I played some Guild Wars Factions (their new “expansion”) yesterday. Though Guild Wars and the new expansion, Guild Wars Factions, have some flaws still, they introduce a few fantastic ideas. It’s hard for me to understand why other games don’t try to come up with something similar, except maybe if the reason is laziness or lack of skill.

Some would say that’s a good thing, that at least these other games are not a rip-off of Guild Wars. I’ve heard that, and I would say that first, it’s not a rip-off but a source of inspiration, and second, these other games do indeed, copy existing games. Most new games are heavily “inspired” by Ultima Online and Everquest I. What I’m saying is that perhaps they should start getting their inspiration somewhere else.

A while back I already talked about the great patching/loading system Guild Wars has, as well as the whole non-shard approach. In my list of MMO features that should become standard, I’ll add those two things again. If nothing else, for completeness:

No-Shards
There are no shards (or “world servers”) in Guild Wars. You create a character, pick the profession, etc, but you never get to say in which server you want your character to live. And why should you? Why should you have to choose a server? It’s not like they’re different, they’re just copies of each other anyway. Instead what they did, is that they created a load balancing system where you’re automatically put on a server that’s not heavily loaded. If needed they dynamically add servers and distribute the load accordingly.
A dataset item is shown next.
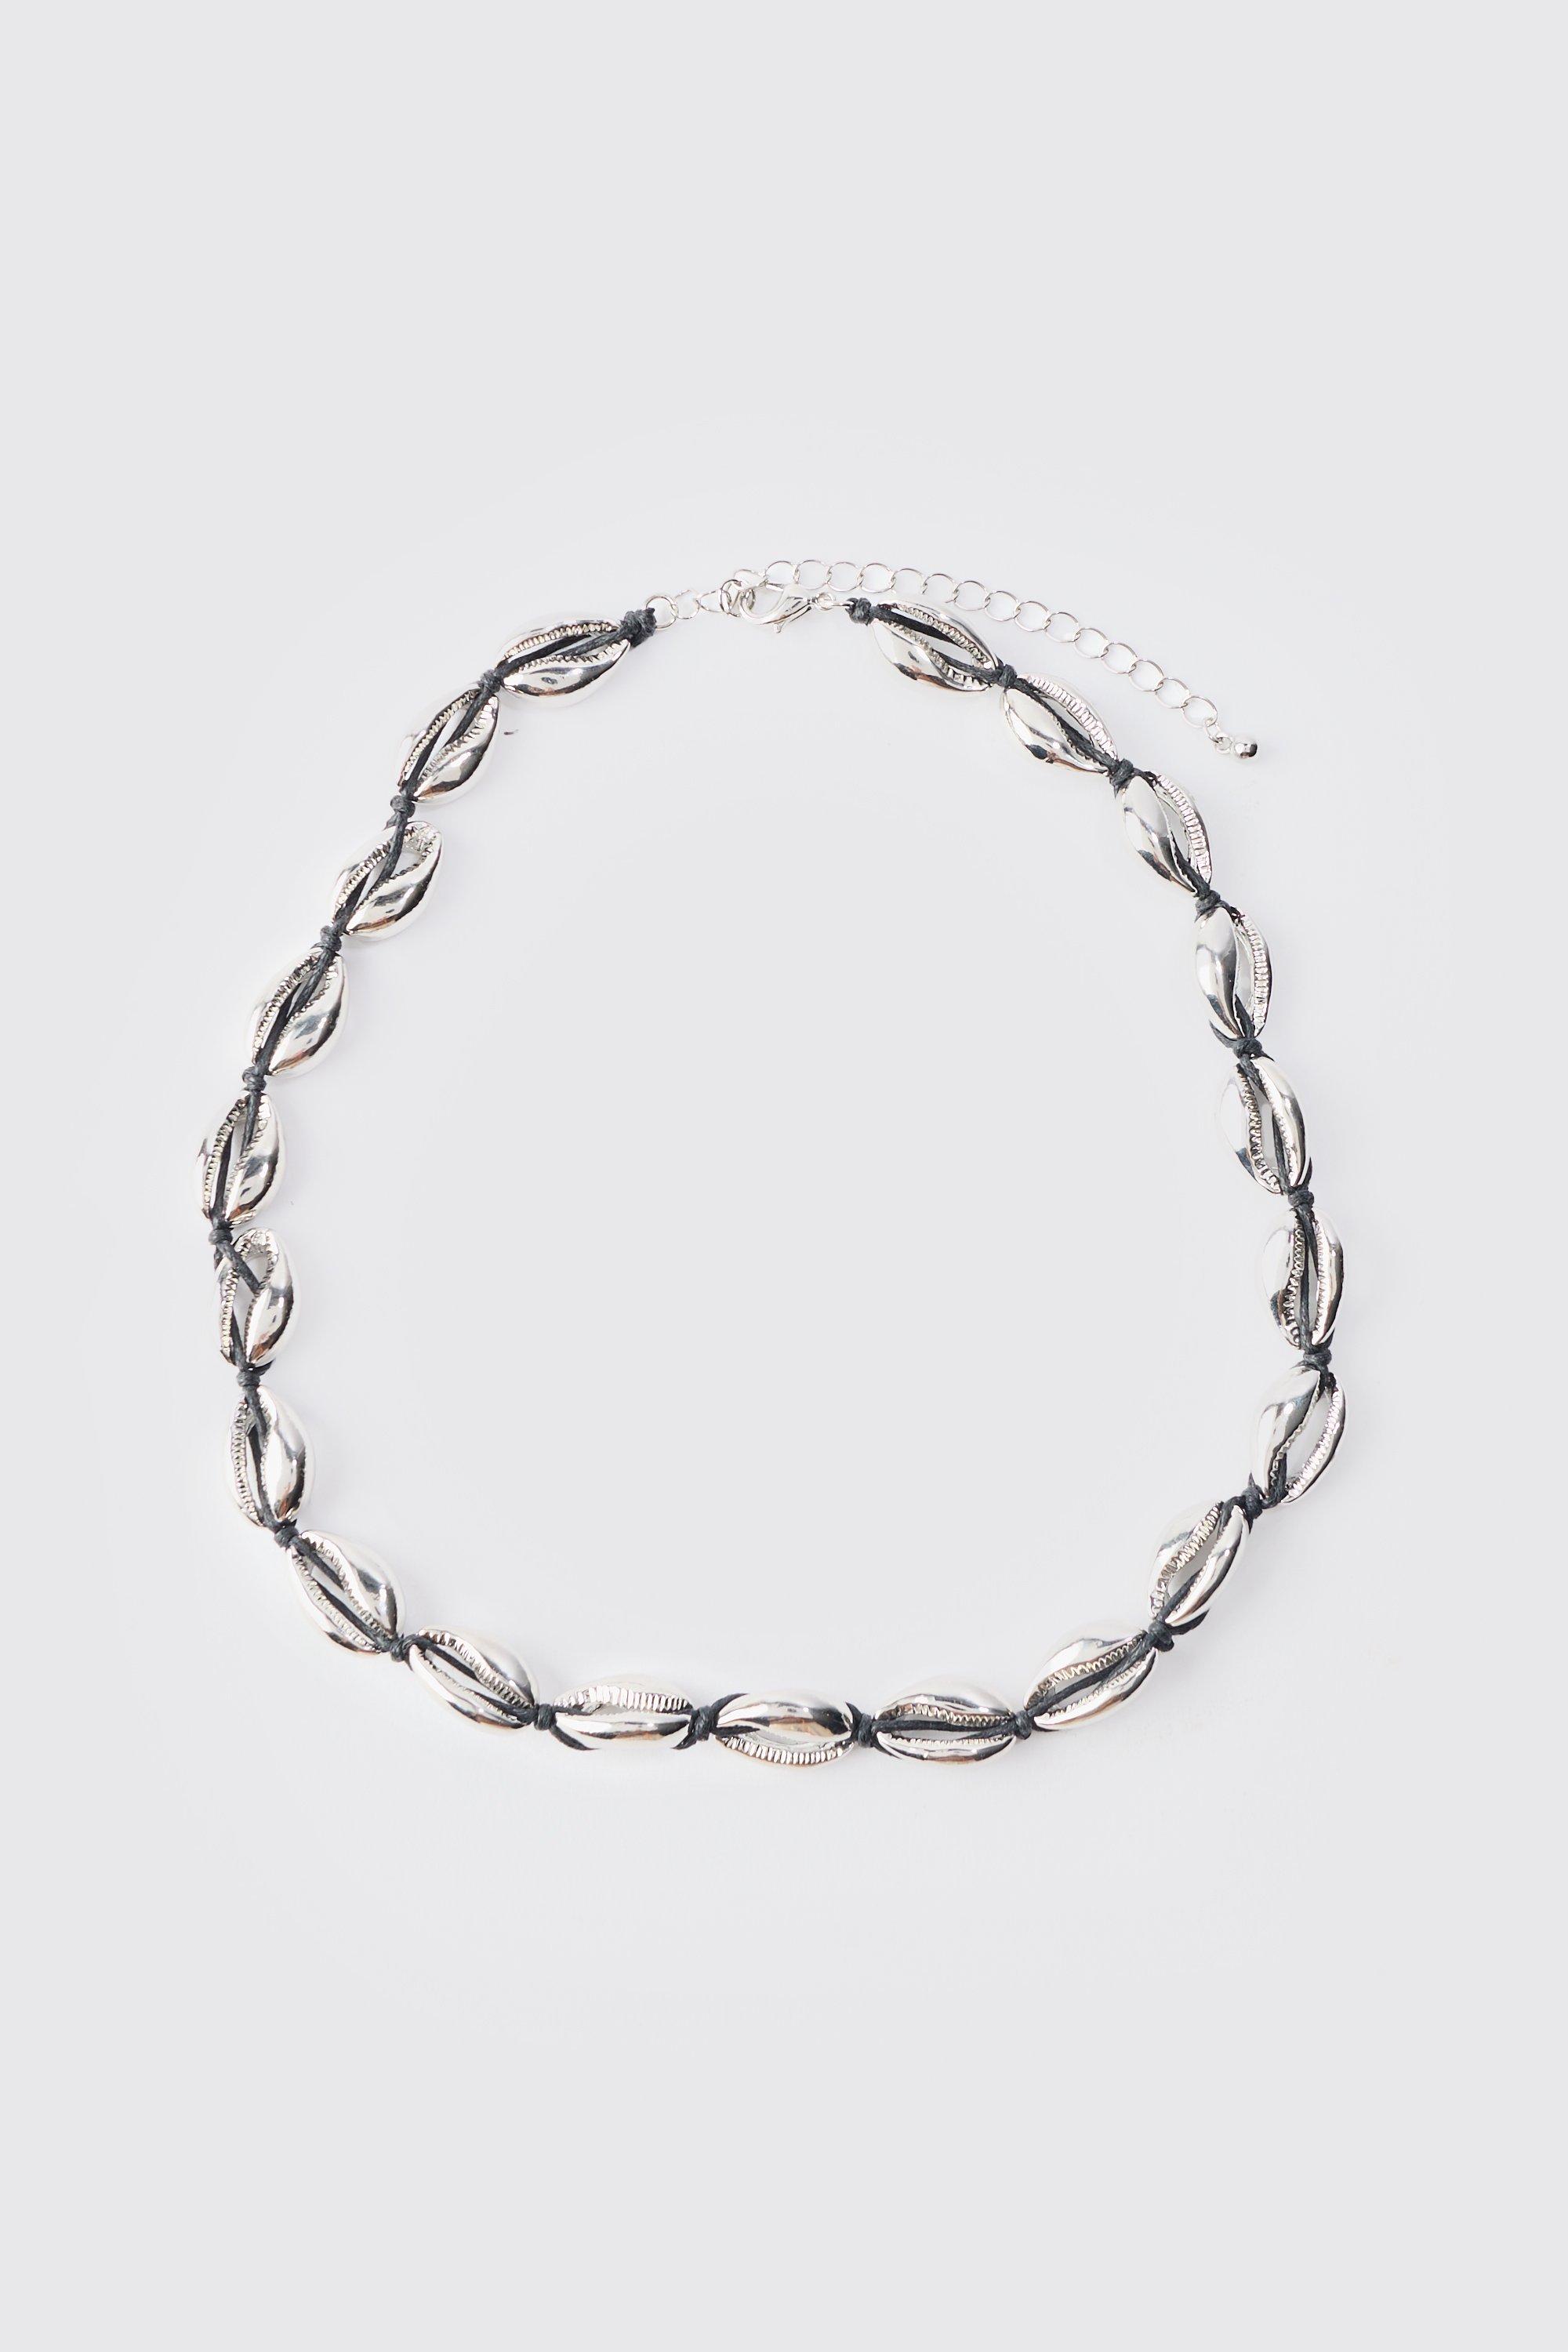 collier en corde à pendentif coquillages homme - argent - one size, argent

You might say “but how can I meet my friends if I can’t pick the server I’m in?”. In fact, the games puts your character in the best server possible, but you can move around servers, by simply pulling a drop-down list and selecting the server you want to be in. If that server is so full that it doesn’t take new players (momentarily), your friends can meet you in your server. Nice and easy.

Lazy-patching
Don’t force me to wait for 5 hours (or more!) when there’s a patch. More often than not, I don’t care about what’s being patched anyway. Maybe it’s some dungeon on the enemy side of the world, maybe it’s a zone I no longer visit. Why should I wait for those things to patch? Because the developers were lazy, that’s my guess.

Guild Wars uses lazy-patching. The first time you visit a new place (zone) the game needs to download the files, but only the first time, and only because you wanted to go to that zone. This makes for very fast patches and the hit you get the first time when you enter a zone, is no different than the hit you get in other games, which had the zone already pre-loaded.

No monthly fees
I already paid for the game, typically $50, why should I have to pay again every month? Before Guild Wars, I use to laugh at this argument. I would tell people that they had to pay a little extra every month, because there were bug fixes, server maintenance, etc. The online model was different, and people should get with the program.

Then Guild Wars comes along and there are no monthly fees. How do they do it? For one, their servers are never down, maybe it’s because of their lazy patching approach, maybe it’s something else. But frankly, everything works so well, they make it look so easy, that they could not justify a monthly fee. Maybe that’s the trick, make something crappy, then you can charge people for making it somehow hold together, “these are hard problems you understand?”.

Guild Wars shows it can be done. And I think it should be done.

Charge for expansions
I realize that Arenanet (they’re the Guild Wars makers, by the way) needs to feed their people. Rather than making one game, once, then charge you every month for the priviledge of playing, Arenanet uses the time they’re not rebooting their servers, to work on new expansions. The game is big as it is, but more content is always a good thing.

Guild Wars Factions (GWF) is the latest (first) expansion, and in fact it’s not even an expansion. It’s possible to play GWF without buying GW.

Why is this smart? For people like me, who get bored easily, it’s the only way they’re going to get my business. I’ve played many, many online games. From Ultima Online to World of Warcraft, from Everquest I to City of Heroes and Earth & Beyond (ouch). But eventually I get bored, and eventually I got from playing a lot to not playing at all. That’s when I cancel my $15 monthly subscription. If I could make my own money, maybe I wouldn’t cancel, but $15/mo x many games, that’s some dough.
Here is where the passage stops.